Dallas Museum of Fine Arts at Fair Park

Birth of the Dallas Museum of Art

Two museums merged, forming the Dallas Museum of Art and triggering decades of tension.

At the Dallas Museum of Art’s April gala fundraiser, the Art Ball, patrons were treated to a lavishly produced video spoof based on the PBS drama series Downton Abbey, calledDowntown Artsy. In the seven-minute video, Dallas’ most prominent cultural philanthropists took part in what might be called a social-class drag show—a wealthy car dealer plays a butler, for example. Even Mayor Mike Rawlings takes a subordinate role, playing the valet to the DMA’s new director, Maxwell Anderson. The plot involves “Lord” Anderson’s efforts to open the museum—reimagined as an English country manor—to the general public for free, just as he did with the actual DMA in January.

If the video fails as farce, it is because farce is fueled by hyperbole, and Downtown Artsycomes across as a realistic metaphor for how many art museums actually function: as civic institutions governed by plutocracies. And yet, anyone familiar with Dallas’ cultural history can’t help but see something else in the video: a more nuanced take on 50 years of tension between the public art museum and its wealthy backers.

It’s likely that people who visited the DMA in 1963 wouldn’t recognize the institution today. For one, it was then called the Dallas Museum of Fine Arts and located in Fair Park. Led by the prominent Dallas artist Jerry Bywaters, the DMFA was a modest-size American art museum focused on building an encyclopedic collection while promoting and supporting the art of the Southwest and cultivating and exhibiting regional artists.

Dallas Museum for Contemporary Arts’ Signposts of Twentieth Century Art exhibition.

In the early 1960s, new wealth and ease of travel gave birth to art collectors who were interested in trends emerging out of Europe and New York. This created a peculiar cultural mix in Dallas, no better represented than by the controversy that surrounded a seemingly benign exhibition of modern masters, such as Pablo Picasso and Diego Rivera, at the DMFA in 1955. In March of that year, a local women’s group, flush with the spirit of McCarthyism, derided the museum for supporting artists it accused of being communists. The museum stood its ground, but the public protest spooked the patron class. A number of prominent collectors left the museum’s board and privately funded a new institution, the Dallas Museum for Contemporary Arts.

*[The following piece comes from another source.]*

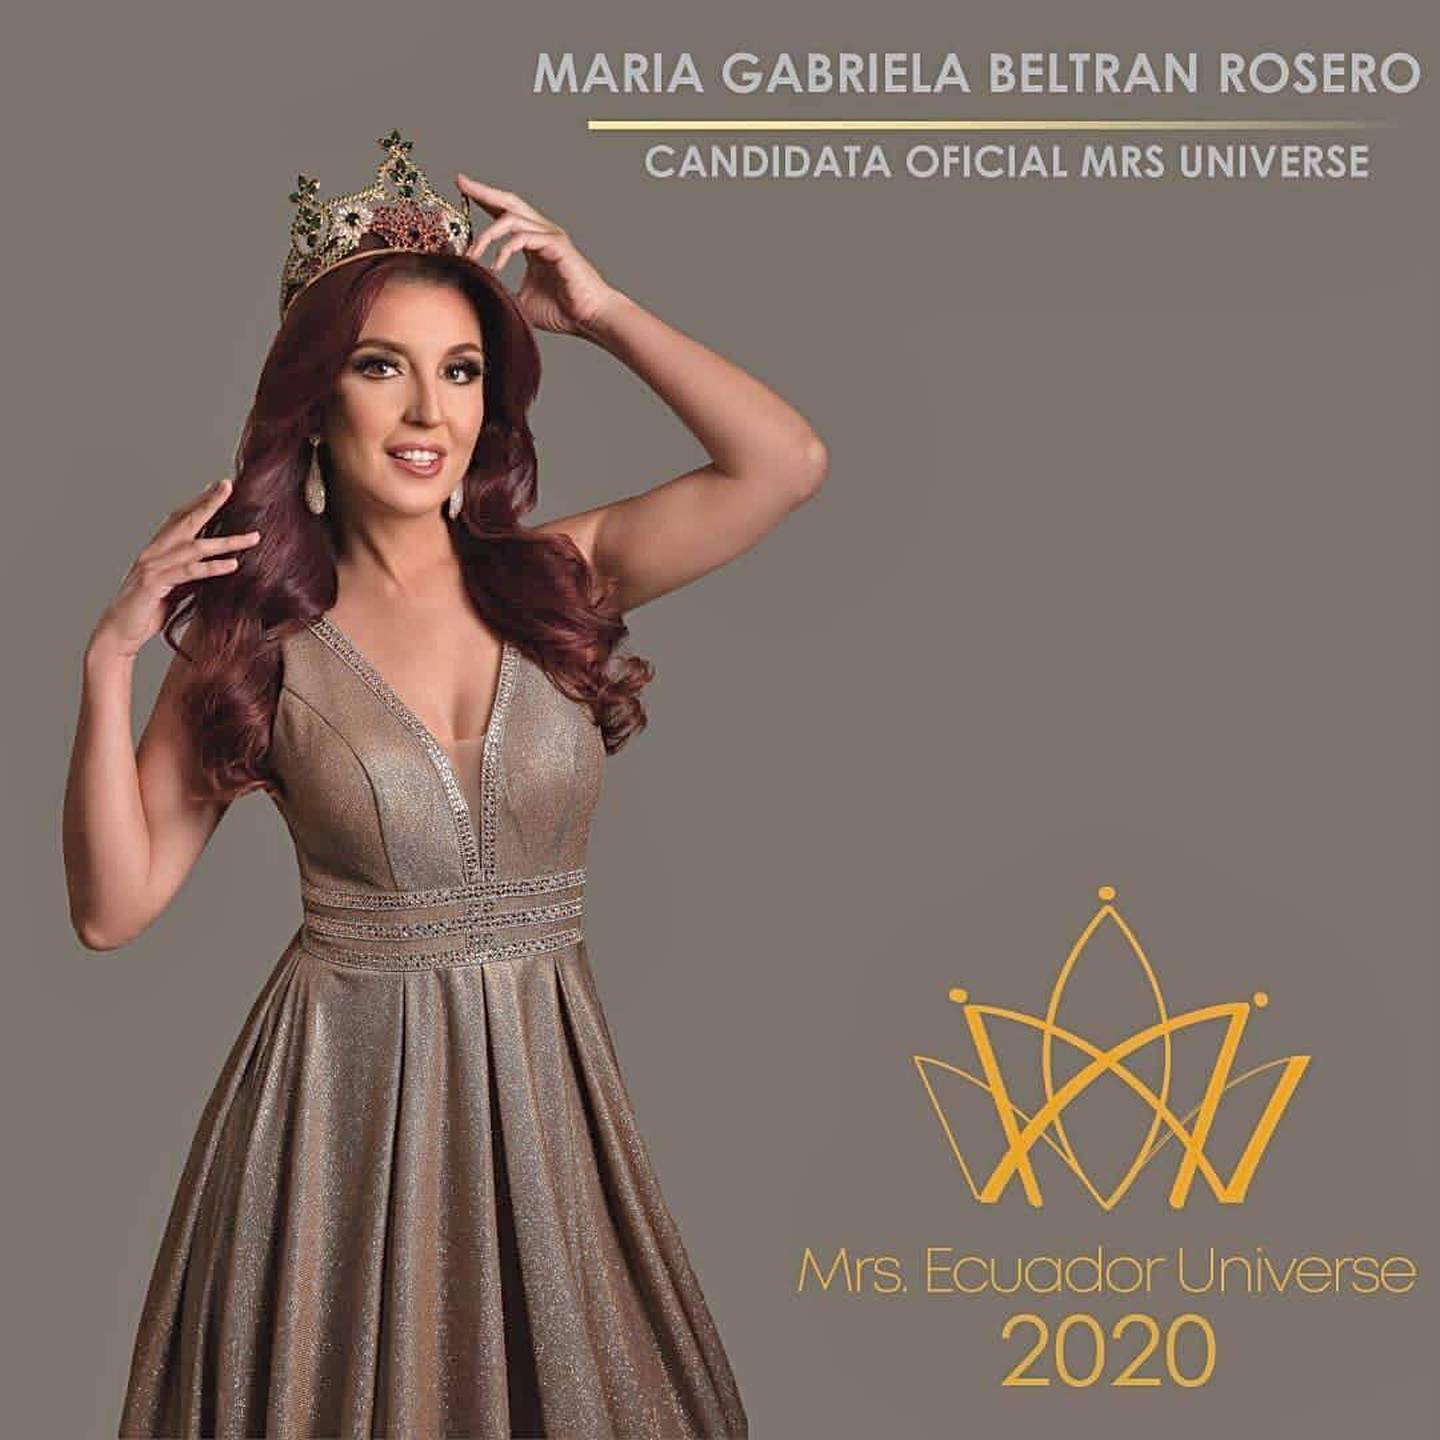 Mrs. Ecuador Universe se elegirá de forma virtual actualmente es María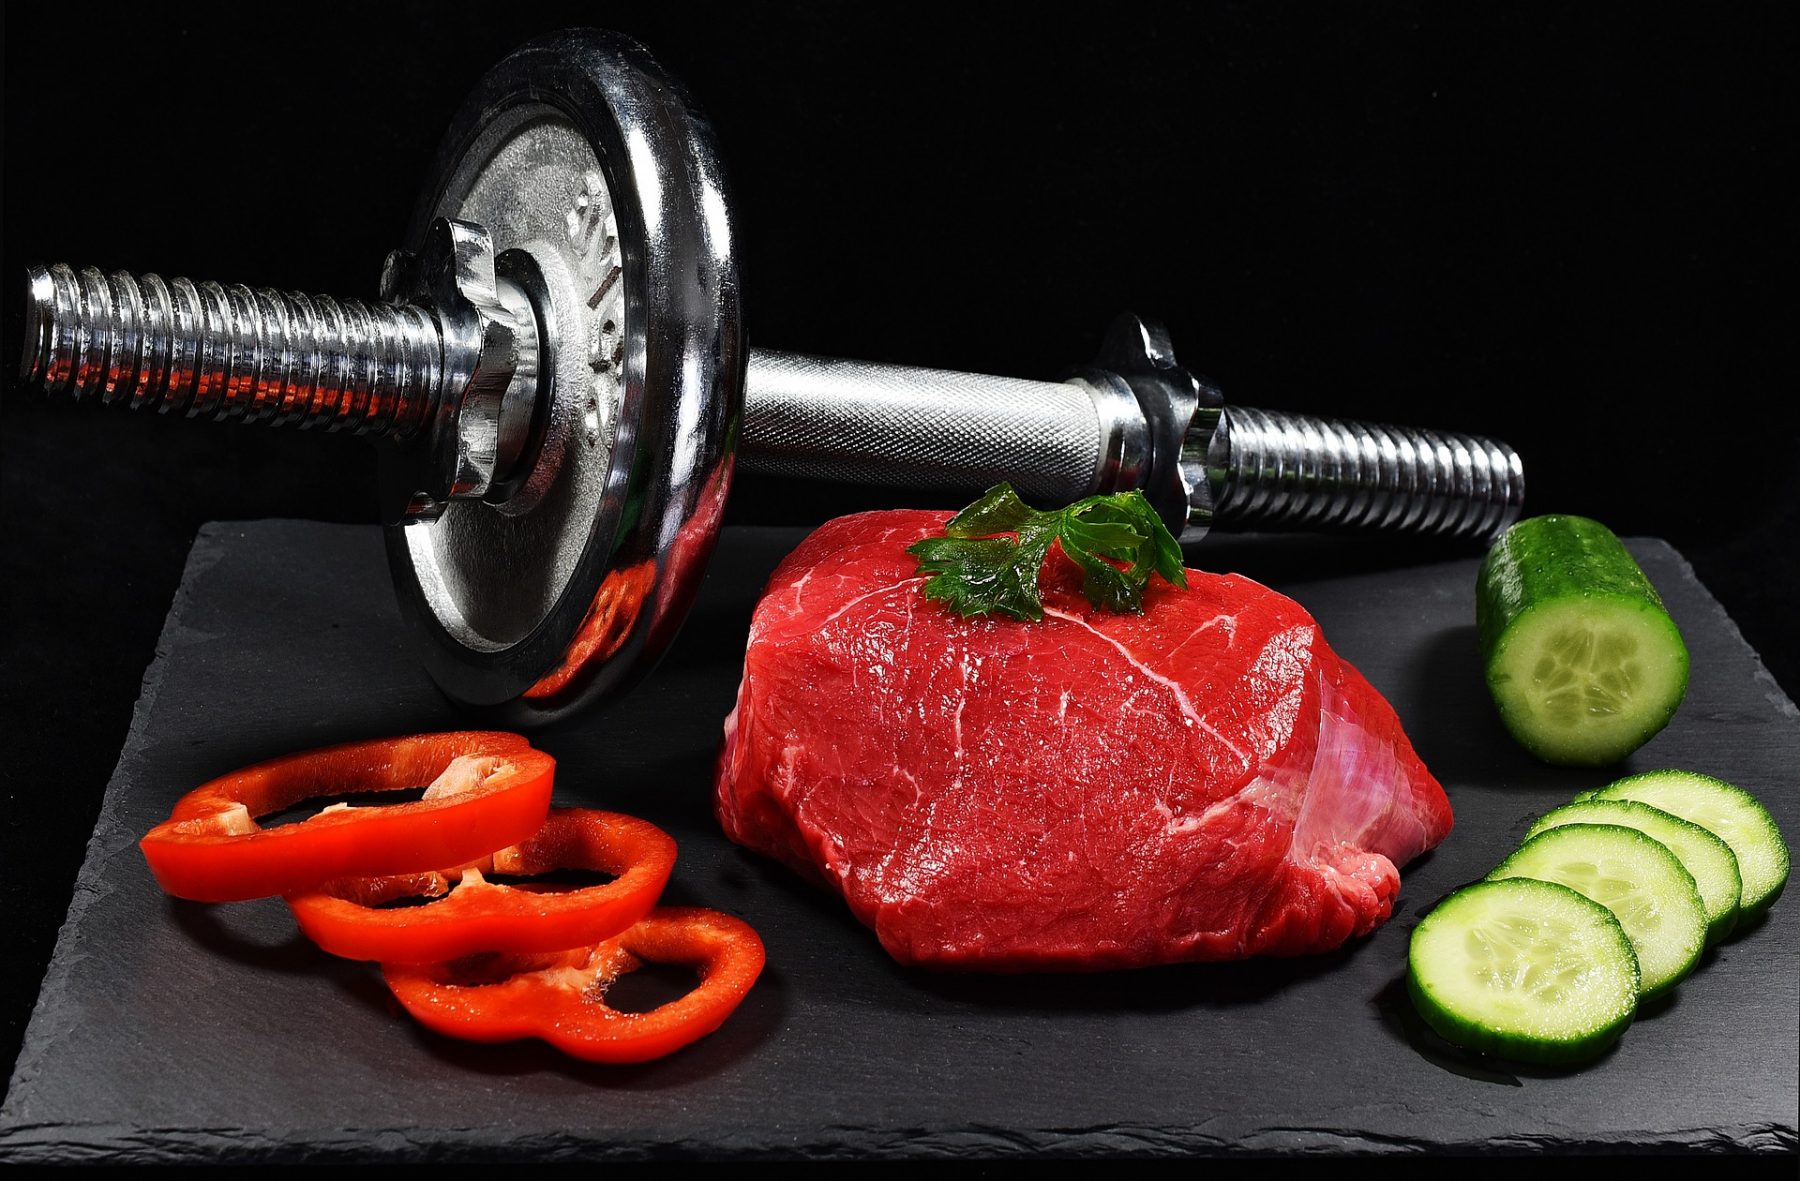 Απώλεια βάρους: Η αυξημένη πρόσληψη πρωτεΐνης αποτρέπει την ανάκτηση βάρους μετά από δίαιτα

The Dallas Museum for Contemporary Arts was certainly poised to win Dallas cachet as a progressive, cultured city. The new museum mounted some of the first exhibitions in Dallas featuring towering artistic figures such as Georges Braque, Henri Matisse, and Maurice de Vlaminck. In 1959, the museum hired respected curator Douglas MacAgy, who staged important shows by the surrealist René Magritte and early pop artist Claes Oldenburg. Significantly, MacAgy also found and cultivated local artists. Works by Texas artists such as Jim Love and David McManaway were included in an exhibition that traveled to the Museum of Modern Art in New York. But despite its artistic success, the new museum struggled to compete for funds with the older and more established Dallas Museum of Fine Arts.

DMCA president Edward Marcus and trustees Betty Blake, Bernard Brister, Peter Wolfe, and Howard Mayer.
Finally, in the spring of 1963, the two museums merged. The board was enlarged to absorb the prodigal patrons, but there was still concern about the contemporary museum’s collection, which might be too progressive for some of the old guard. A compromise was struck. The Foundation for the Arts was created, a private endowment that would retain ownership of the DMCA’s collection, as well as solicit funds and purchase contemporary work on behalf of the museum. Thus, an uneasy partnership was born: a private foundation existing inside a public museum.

This private-public model has enabled the DMA to become a museum with collections, facilities, and significance that far outstrips the institution that existed in 1963. But in this funding model, patronage becomes a kind of ownership. I was reminded of this just two years ago when a very powerful collector told me he hated hearing criticism of the museum by people who don’t have “skin in the game.” In Dallas, money lends authority to one’s opinion. Culture is a pay-to-play sport.

The last scene in Downtown Artsy is its most fascinating. The curators and patrons of the museum play the extended family of Lord Anderson, gathered around to celebrate the opening of the museum to the people. “It’s the people of this city that are to be congratulated,” Lord Anderson says. It is a loaded statement, suggesting simultaneously that we, the riffraff masses, have finally matured beyond the knee-jerk yokels we once were. But the line is also meant to be tongue-in-cheek, a self-satirizing suggestion that the patron class also recognizes its outmoded disposition. Perhaps, after 50 years, the patron class is ready to trust the public.